── RAW DATA ──
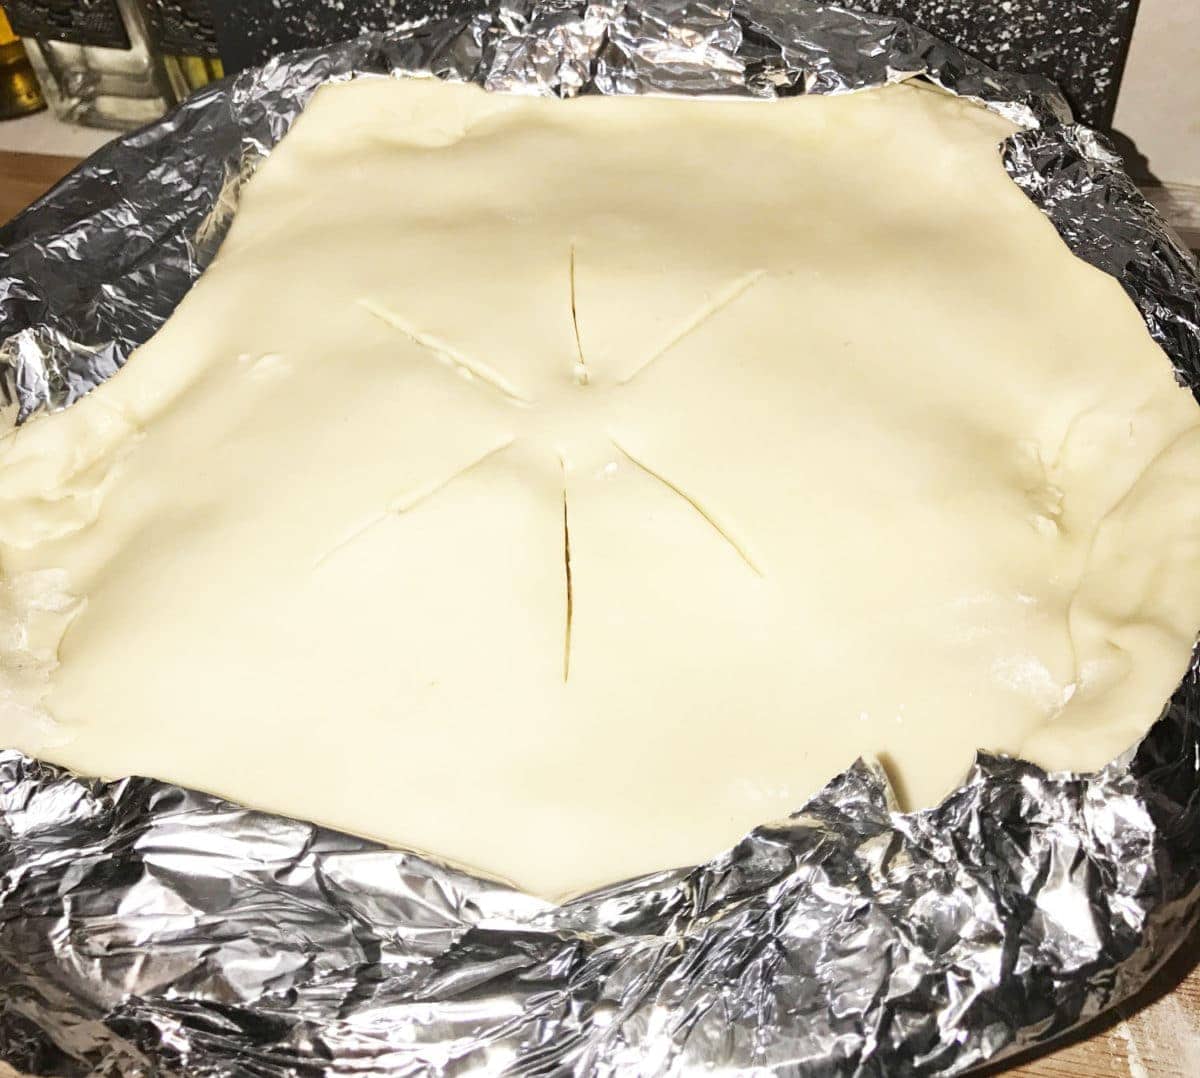 the pie crust laid over the uncooked chicken pot pie
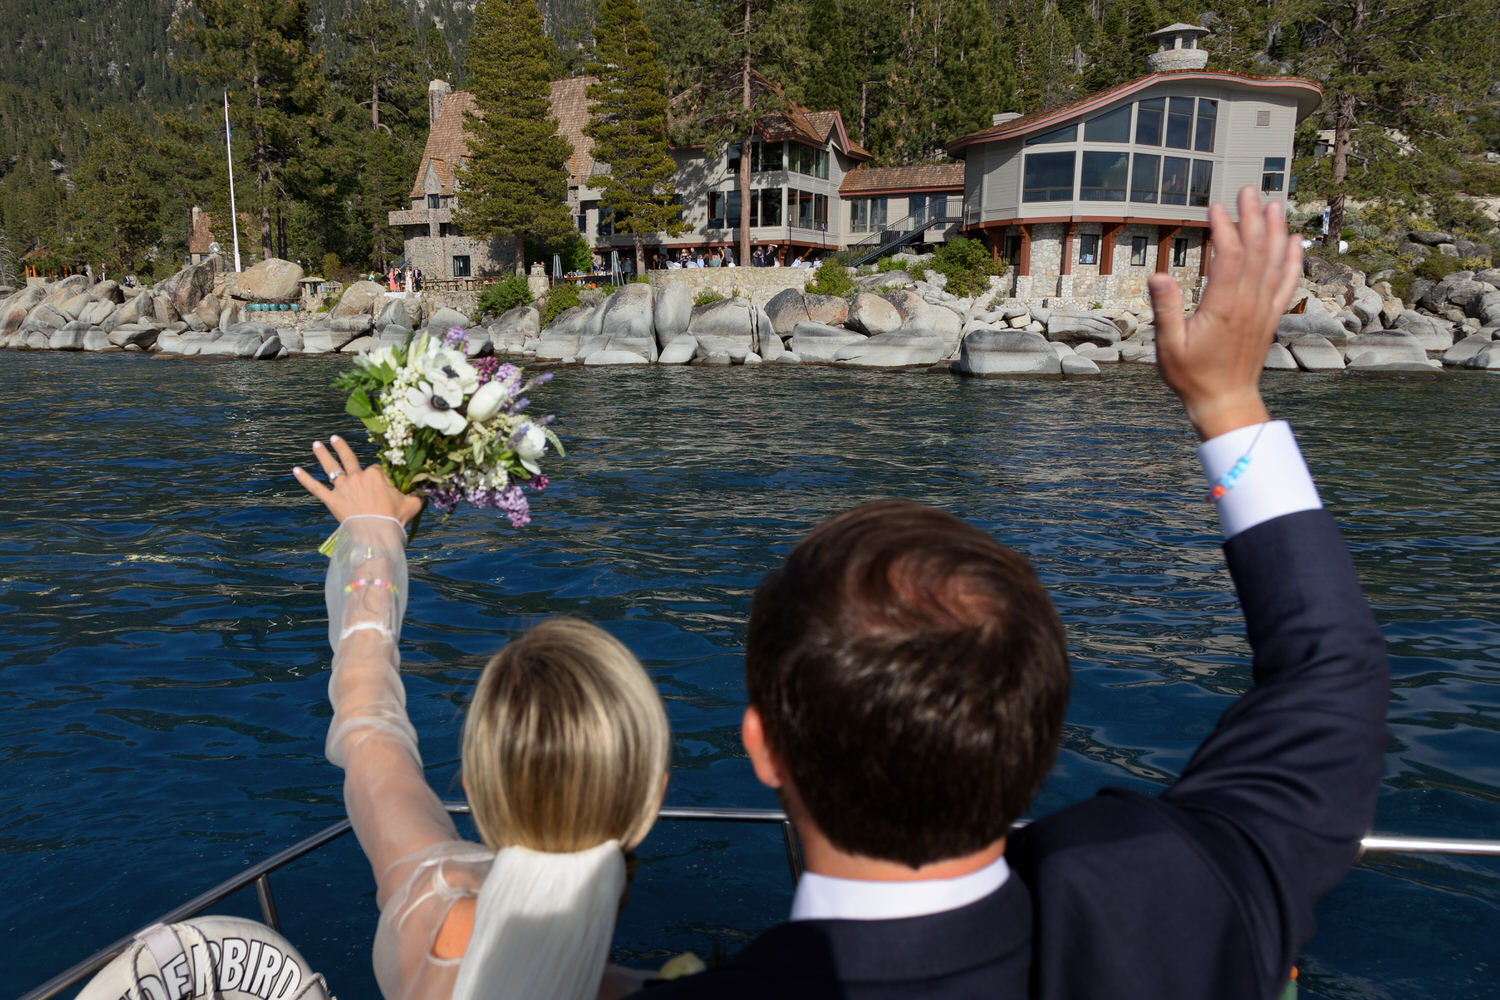 A bride and groom aboard the Thunderbird Yacht wave to wedding guests on the lawn.
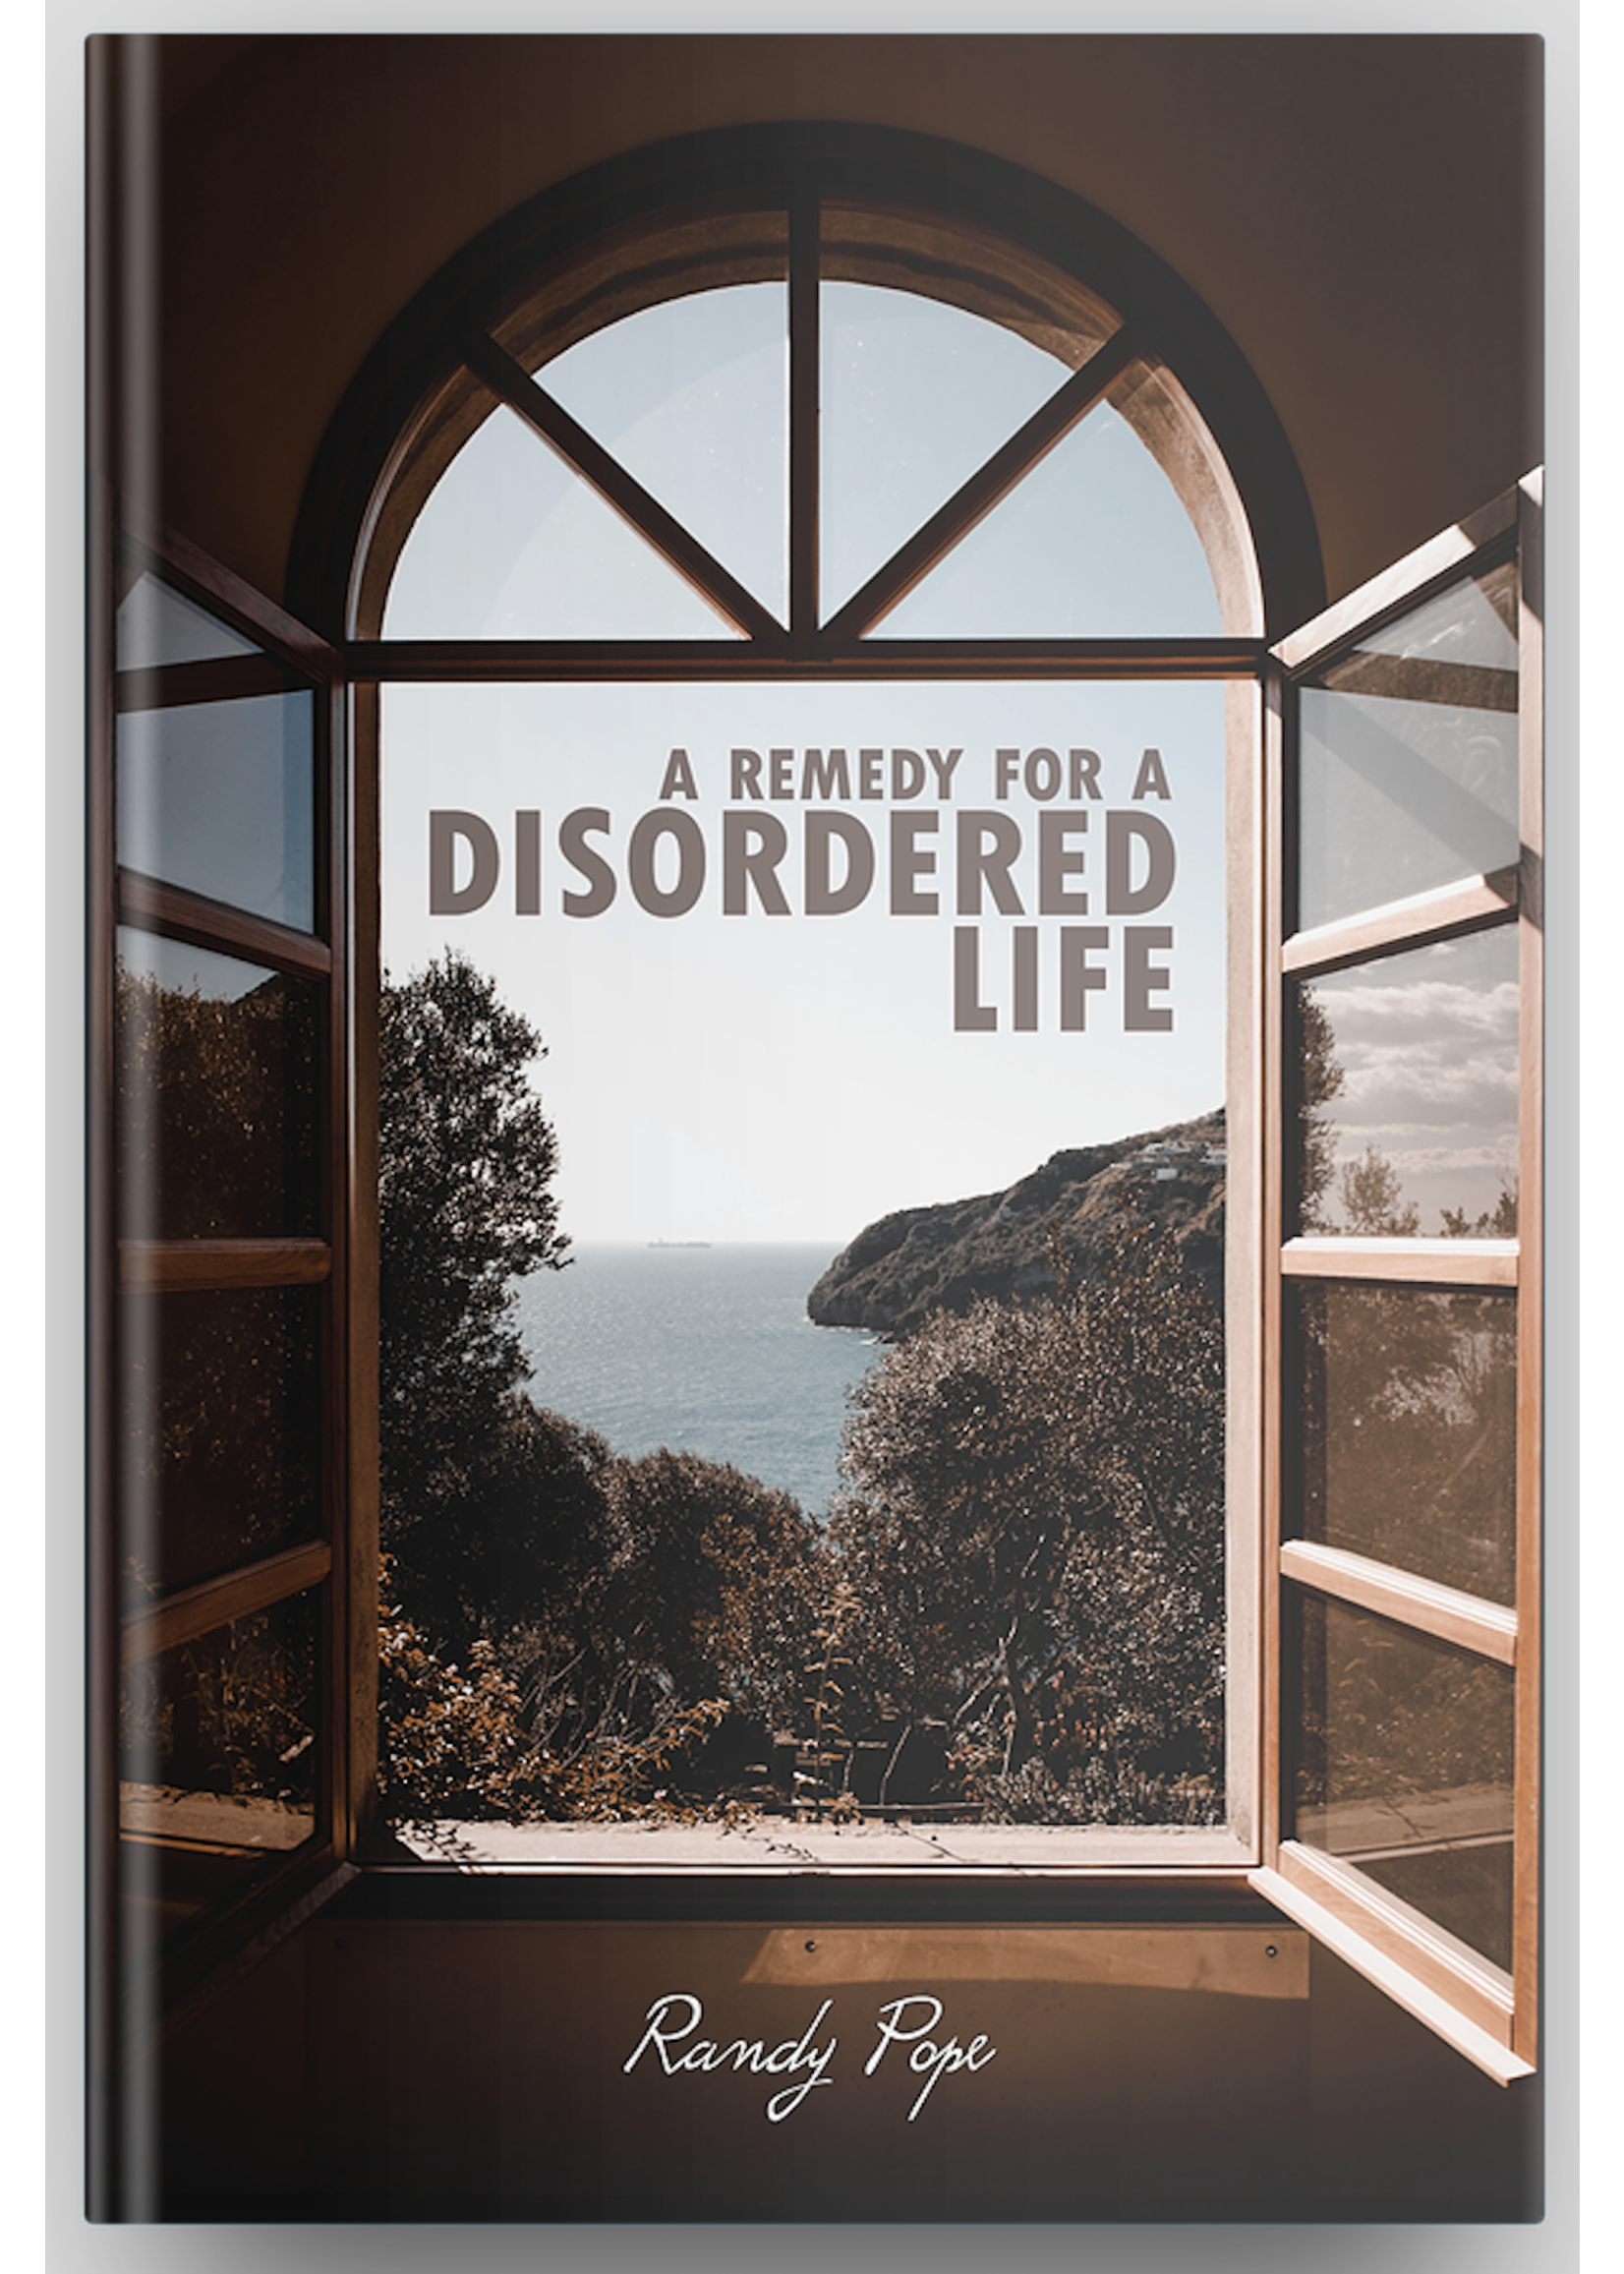 life on life A Remedy for a Disordered Life
───
Print the full listing above exactly. Pictures stay out of the copy.

### EXPECTED ANSWER
 the pie crust laid over the uncooked chicken pot pie
 A bride and groom aboard the Thunderbird Yacht wave to wedding guests on the lawn.
 life on life A Remedy for a Disordered Life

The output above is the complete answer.